THE SUBJECT OF Jewish pluralism in Israel has long been like a recurring pain. It hurts often enough to trouble you but getting it properly fixed would not only be cumbersome but excessively costly.
But as the modern state of Israel approaches it 70th birthday, for all its achievements it’s hard to ignore that ache any longer. One of the few subjects to unite the political left and right, the monopoly of the ultra-Orthodox rabbinate over religious and Jewish life and law in Israel has been simmering ominously. Now it seems to be finally coming up to the surface.
Last year’s dual decision by the Netanyahu Government to shelve an agreement over a new egalitarian prayer space at the Western Wall, and the advancement of a conversion bill which would further concentrate the ultra-Orthodox rabbinate’s control over who is a Jew, was met by almost universal condemnation from the global Jewish community.
The Australian Jewish community, strongly connected to Israel as it is, and generally far more reticent when it comes to criticism of Israel than the larger and less homogeneous US Jewish communities, took the unusual step of speaking out strongly against both announcements.
The Zionist Federation of Australia and its largest state affiliate roof body, Zionism Victoria, both joined Natan Sharansky’s Jewish Agency for Israel in criticising the moves. Sharansky, who had been working with Netanyahu to broker the Western Wall agreement, was understandably angered by it being unceremoniously dumped.
For years, the contentious issue of ultra-Orthodox Israelis being exempt from compulsory military service compounded by generous public funding for them to study at Yeshivot have been necessary compromises for any coalition government to survive in Israel’s system of unicameral legislature elected by proportional representation.
Save for one short-lived Coalition (2013-15) without the Haredi parties, these parties which make up around 10 percent of the Knesset stake their support for a government on controlling religious affairs in Israel, and inevitably get their way.
In recent weeks, the Netanyahu government has advanced a bill to avoid its coalition collapsing by moving to exempt Haredi yeshivah students from army service.
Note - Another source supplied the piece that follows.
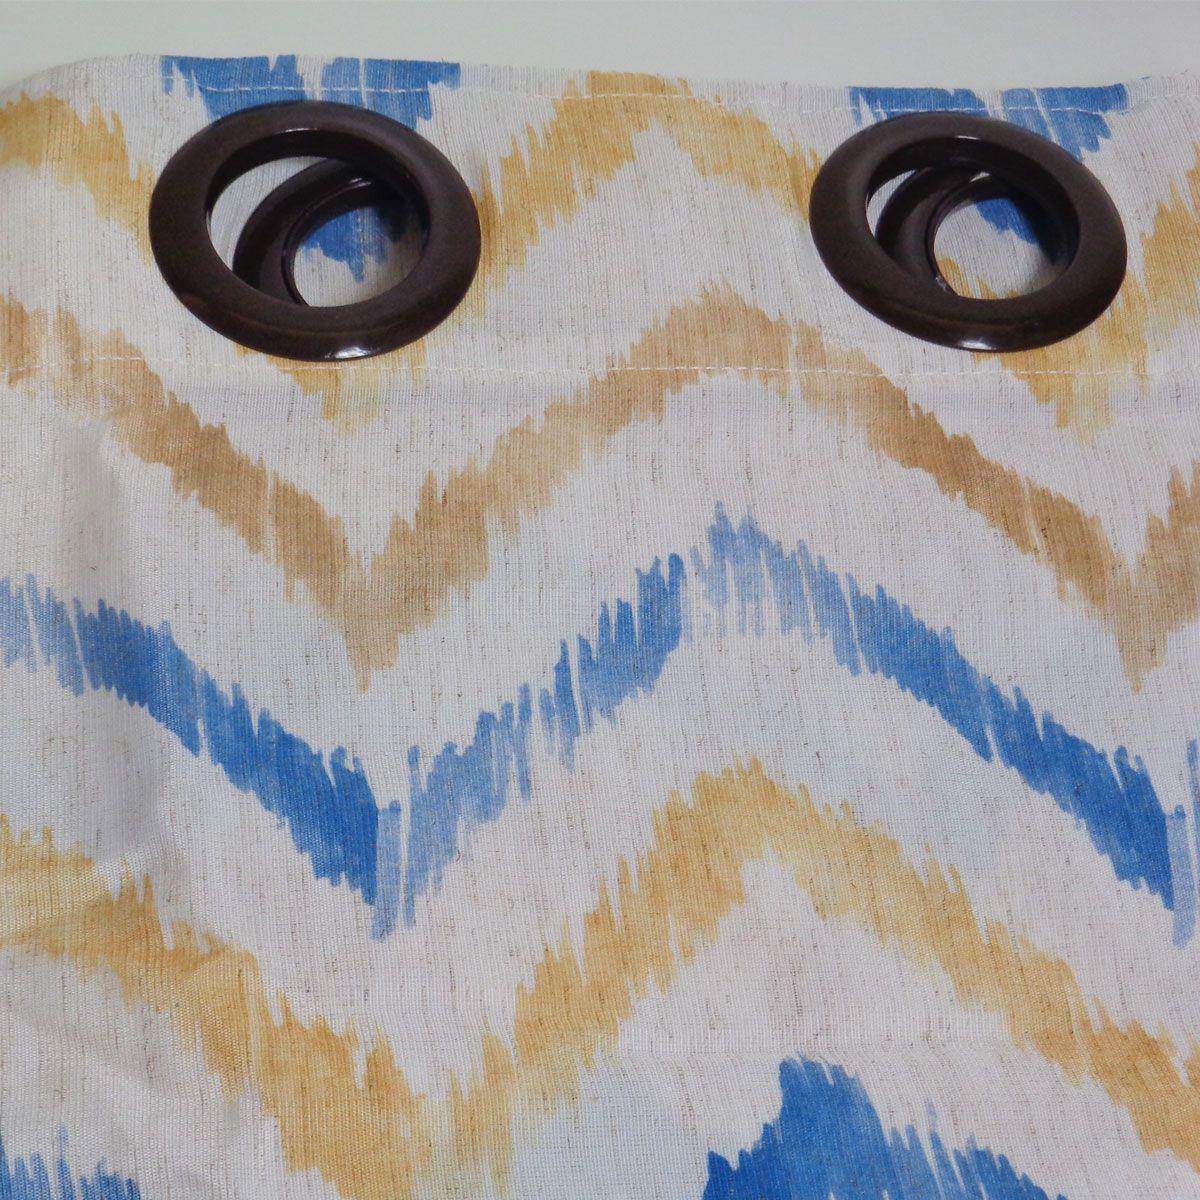 Cortina Sala Rústica Spazio Zig Zag 2,60 x 1,70 Bella Janela

This draft bill came only weeks after another controversial piece of legislation to force shops in Israel to close on Shabbat.
The Zionist dream is an imperfect reality so long as Israel prioritises the rights of a minority over a pluralistic approach that recognises all streams and practices of Judaism as legitimate.
At a time when Diaspora Jewry and Israel are struggling over a number of political issues, this spat between Israel and the global Jewish community, which even drew in the Jewish Agency, underlines the gravity of what is at stake.
It is the very essence of the Zionist dream – that is, the dream of a state that can be a home for all Jews around the world. The reality is that this dream is an imperfect reality so long as Israel prioritises the rights of a minority of Jews over a pluralistic approach that recognises all streams and practices of Judaism as legitimate.
Global Jewry is diverse. Around the world, including in Israel, the number of ways in which Jews identify is ever-increasing. Particularly for young people, the traditional streams of Orthodox, Progressive/Reform, Conservative and even Secular come nowhere near painting a true picture of where things are at.
The lack of recognition of conversions, marriages and other significant religious certifications by non-Orthodox Rabbis – and the lack even of basic civil marriage – are all serious failures of the modern state. But it is not only those who are not Orthodox who’ve been marginalised by Israel’s religious hegemony.
Last year’s revelation that the chief rabbi at one of Australia’s largest modern Orthodox synagogues (Rabbi Ralph Genende, from the Caulfield Hebrew Congregation) was put on a “blacklist” of sorts by the Israeli chief Rabbinate for having a conversion rejected showed that the standards of control are completely out of kilter with mainstream Judaism.
Of course, pluralism is difficult to achieve. Respect must be afforded to all levels of observance and tradition, to promote a cohesive society in which different groups can not only tolerate but respect each other. Indeed, an Israel which did not respect the religious traditions of Orthodox Judaism would be one which had lost sight of something fundamental to its identity. But the status quo is untenable.
Article by Dean SherrFor Israel to continue to hold itself up as the home of all Jews, it must act to break down the ultra-Orthodox control over Jewish religious affairs. It must act to open up its most significant and holy site to all Jews by establishing the new egalitarian space at the Kotel.
It must act to treat Orthodox, Reform, Conservative and Secular Jews (and all in between) equally under the law. It must act to ensure that it can be a place for Jews to keep Shabbat in a special and meaningful way, but also that everyday life can continue seven days a week for those who do not keep Shabbat.
And it must also act to ensure that the Jewish identity and ceremonies of those who are not Orthodox are both recognised and respected. Jewish pluralism is not something Israel can afford to put in the too-hard basket any longer. The Zionist dream depends on it.